Senior Judge of the United States District Court for the Northern District of Georgia
- In office March 31, 1996 – September 1, 2022

Chief Judge of the United States District Court for the Northern District of Georgia
- In office 1995–1996
- Preceded by: William Clark O'Kelley
- Succeeded by: George Ernest Tidwell

Judge of the United States District Court for the Northern District of Georgia
- In office July 24, 1979 – March 31, 1996
- Appointed by: Jimmy Carter
- Preceded by: Seat established by 92 Stat. 1629
- Succeeded by: Thomas W. Thrash Jr.

Judge of the Conasauga Judicial Circuit, Georgia Superior Court
- In office January 14, 1969 – July 24, 1979
- Preceded by: James T. Pope, Jr.
- Succeeded by: Charles A. Pannell Jr.

District Attorney of the Conasauga Judicial Circuit, Georgia Superior Court
- In office March 22, 1963 – January 1, 1969
- Preceded by: position established
- Succeeded by: Robert B. Adams

Personal details
- Born: March 30, 1931 Chatsworth, Georgia, U.S.
- Died: September 1, 2022 (aged 91) Dalton, Georgia, U.S.
- Party: Democratic
- Spouse: Martha S. Cate
- Education: Georgia Military College University of Georgia (BA, JD)

Military service
- Branch/service: United States Air Force
- Years of service: 1951–1955
- Rank: Staff Sergeant
- Awards: Good Conduct Medal Presidential Unit Citation

= Robert L. Vining Jr. =

American lawyer and judge (1931–2022)

Robert Luke Vining Jr. (March 30, 1931 – September 1, 2022) was an American lawyer who served as a United States district judge of the United States District Court for the Northern District of Georgia from 1979 to 2022.

==Education and career==
Born in Chatsworth, Georgia, Vining was a United States Air Force staff Sergeant from 1951 to 1955. He received a Bachelor of Arts degree from the University of Georgia in 1959 and a Juris Doctor from the University of Georgia School of Law in 1959. He was in private practice in Dalton, Georgia from 1958 to 1969, serving as solicitor general of the Conasauga Judicial Circuit from 1963 to 1968. He was a superior court judge of the Conasauga Judicial Circuit from 1969 to 1979.
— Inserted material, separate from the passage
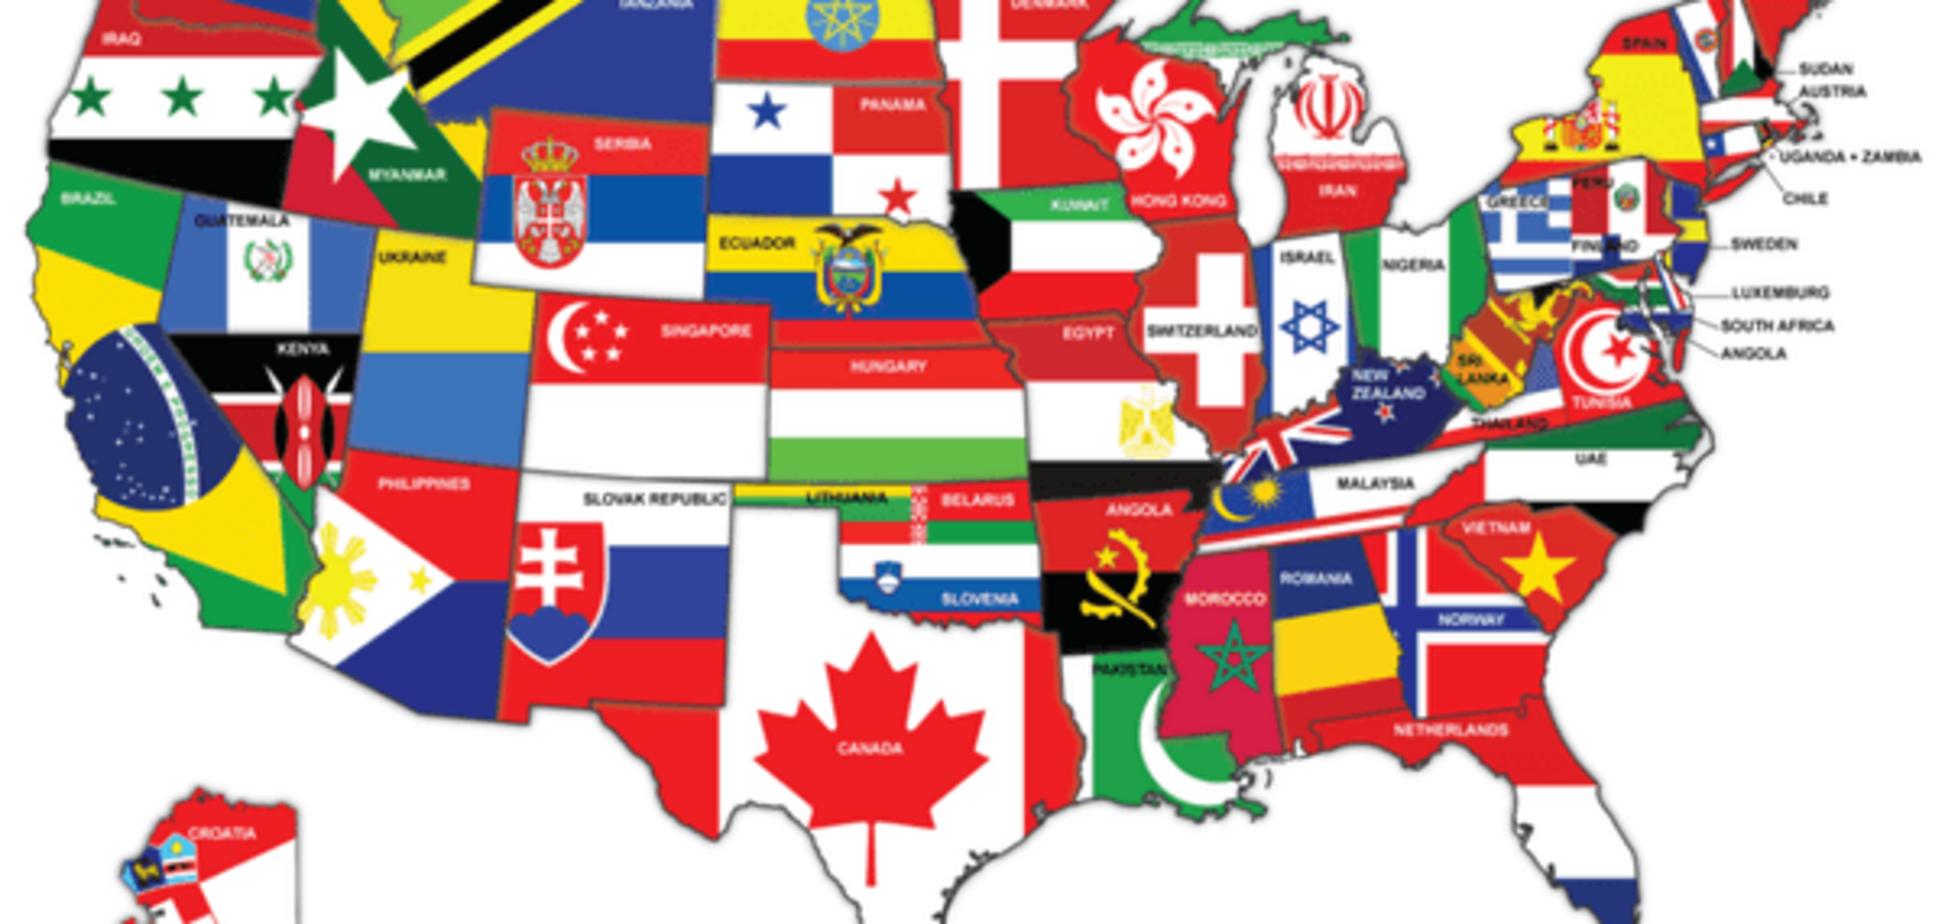 ВВП Украины равен ВВП одного штата США

==Federal judicial service==
On June 14, 1979, Vining was nominated by President Jimmy Carter to a new seat on the United States District Court for the Northern District of Georgia created by 92 Stat. 1629. He was confirmed by the United States Senate on July 23, 1979, and received his commission on July 24, 1979. He served as Chief Judge from 1995 to 1996, assuming senior status on March 31, 1996.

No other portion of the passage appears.